Just to fill you all in (some may remember me from the paracast forum a few years ago) but it will be five years come December 8th I had suffered a massive cerebral hemorrhage (brain bleed) and to say that it hasn't been easy being me would be a large understatement. I was here in this forum briefly a few years ago but had to bow out because I was having trouble readjusting back to life and society in general. Physically, I'm a lot better but still have a long ways to go. This coming Halloween I'll hit the big 6-Oh and in December as I previously mentioned it will be five years since I almost left this world so I figured I thought I would get back in the game again. My interest in anything paranormal in nature has had to take a back seat to other concerns and thus has really taken a nose dive tbh, I have had my hands full to say the least.

As of spring 2020 I found myself back in Los Angeles which has been my home since 1980. I grabbed onto a brand f***ing new subsidized apartment so the compact as of this date has 28 1/2 years left.

My stroke scale was 27 out of a possible worst scale of 42 so that may give you an idea of some of the challenges I have had to face, I was completely paralyzed on the right side of my body, and although I am hobbling around now I still have no use of my right arm and hand and I have lots of problems with spasticity and clonus. I'm still on disability and given that I will be 60 in a couple of weeks and any jobs available out there will not be suitable for an old fart such as I, even if I get myself patched up I will likely be on disability for the duration. Of course I guess I could snag a gig labor position

I now have a big issue with my balance and vertigo and at times i will get overwhelmed if I go out for a bite to eat by all the "information"(?) that comes streaming into me ( sirens, horns, construction work etc. ) and I will then high tail it back to my apartment and cocoon for the rest of the day.

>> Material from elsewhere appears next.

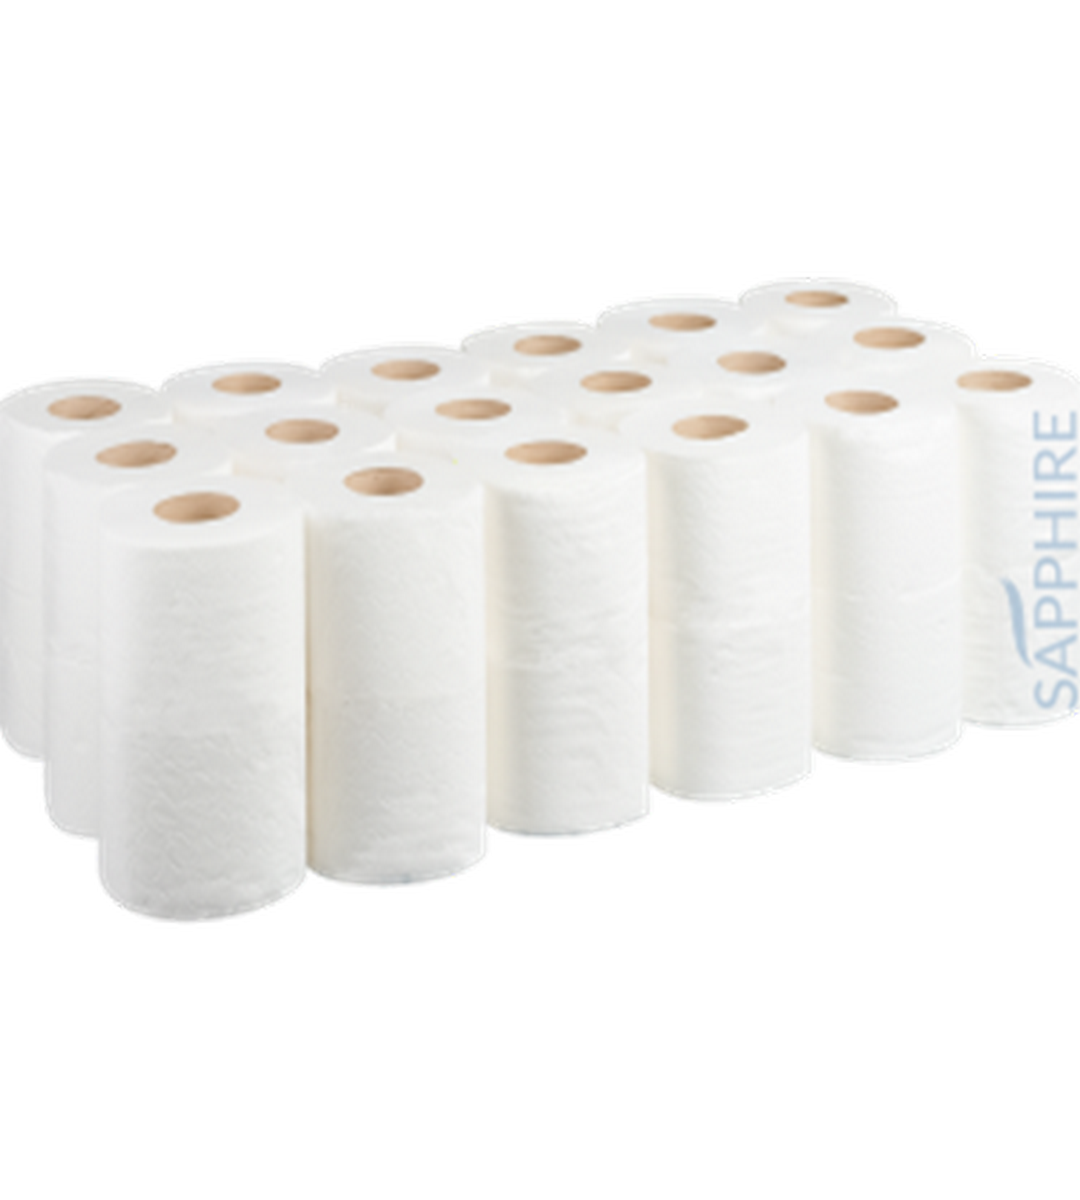 White Toilet Roll - Pack of 40 - Sealco Scotland

All in all I'm not going to lie to you, it's been rough physically, emotionally and mentally. The latter two aspects especially and on that note I can't decide which one has kicked my ass the most but I will come out on top of all this, but it is a lot to handle. You have to really take the bull by the horns, it's a constant battle of readjustments and getting past the readjusting is just step one in a multilayered process.

As far as posting I try to get my interest up in paranormal phenomena but I don't think I can, it just isn't there any longer, it's been superseded by shall we say more relevant issues.

One of more interesting things to deal with is that with five games into the season and this finally looks it could be the season for the Buffalo Bills and I find I really don't care anymore, all the past years of anticipation have been shot to hell because even though they may be in the big game this season I've got bigger fish to fry, I've got to get Wade 2.0 on track.
Welcome back and welcome to the 60s crowd.
Sounds like you took the bull by the horns and have took your health into control...as much as you can.
Good for you. Stay on track and it should continue to improve.
My activity on the forum has gone down considerably as well...other things going on including a declining health of the wife...and interests have declined as well.
After almost 15 years and tens of thousands of posts...what else can one say.
Hang in there we will always be here for you.